Scazz A. gave it a 9:
What a powerful story, simply told in the enigmatic Australian Desert.

Stephen S. gave it a 6:
Since PJ Hogan’s Aussie hit “Muriel’s Wedding” gave her a lift, Toni Collette has gone from strength to strength, scoring good roles with prominent American directors. She’s the only name actor that Sue Brooks, also an Australian, uses here. As a true local, not seeking to curry favour in the international market, Brooks gets the laconic Australian speech and manner right. Her story is that of a hard-bitten female geologist who falls for the uptight Japanese she’s squiring around the northwest of Australia.

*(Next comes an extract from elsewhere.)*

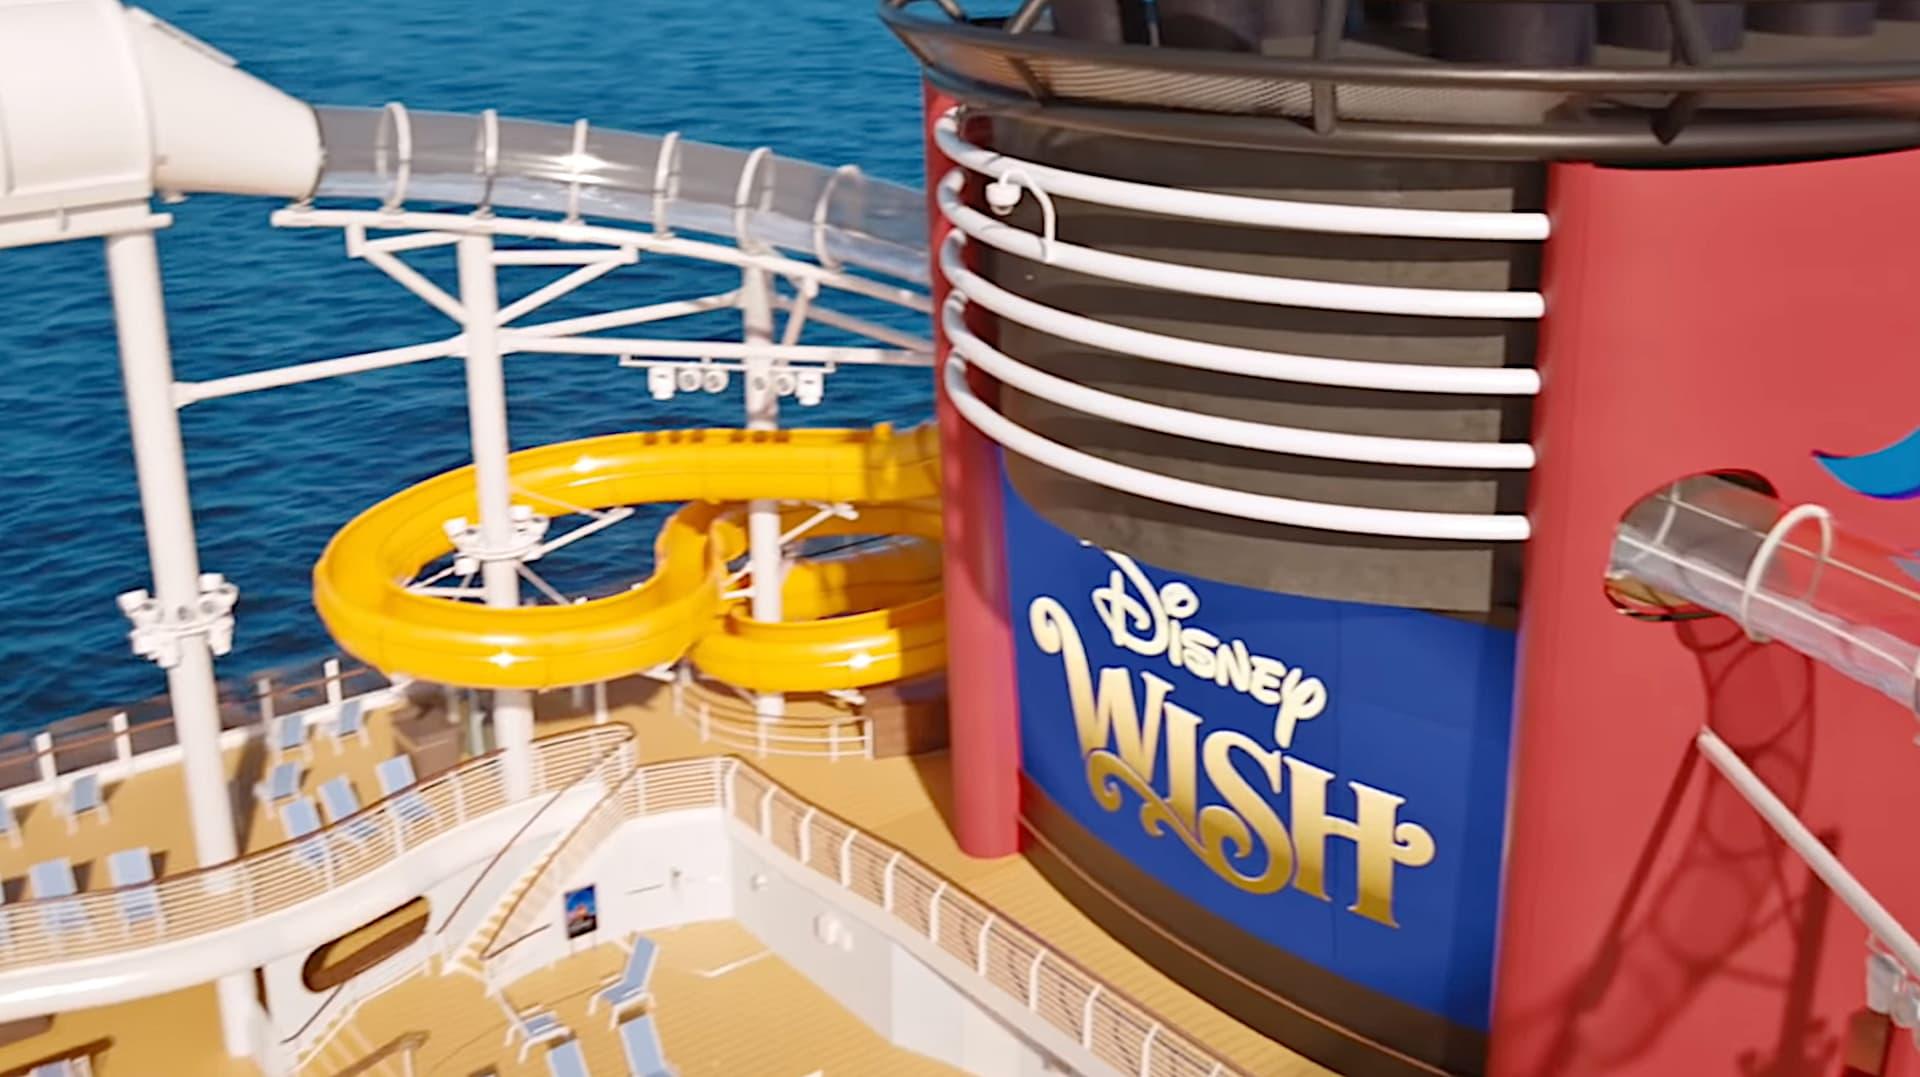 Así es Disney Wish, el nuevo crucero de Disney: videos, itinerarios y más

In Australian movies, going to the outback is often an indication that the director lacks ideas. While the outback cinematography is a great strength of “Japanese Story”, it is also true that the desert is used as a character in its own right to paper over limitations in the story. Brooks’ confident, but portentous, directorial style is a little rich for the one-trick script. Which doesn’t do enough to establish Collette as a professional geologist, or to convince us of her sudden shift from contempt for her companion to concupiscence. Which doesn’t really nail the presumed point of the movie – that the honorable Japanese is undergoing considerable personal growth while hanging out in the Kimberleys. Patriotic Australian critics salivated over this one, but a more objective summary for the American audience would be “tolerable for an Australian film”. But we’re grateful that Brooks did not use the ubiquitous Nicole Kidman as the Aussie geologist.

TC-fan gave it an 8:
Toni Collette gives an incredibly moving performance in this film - maybe her best, which is saying something.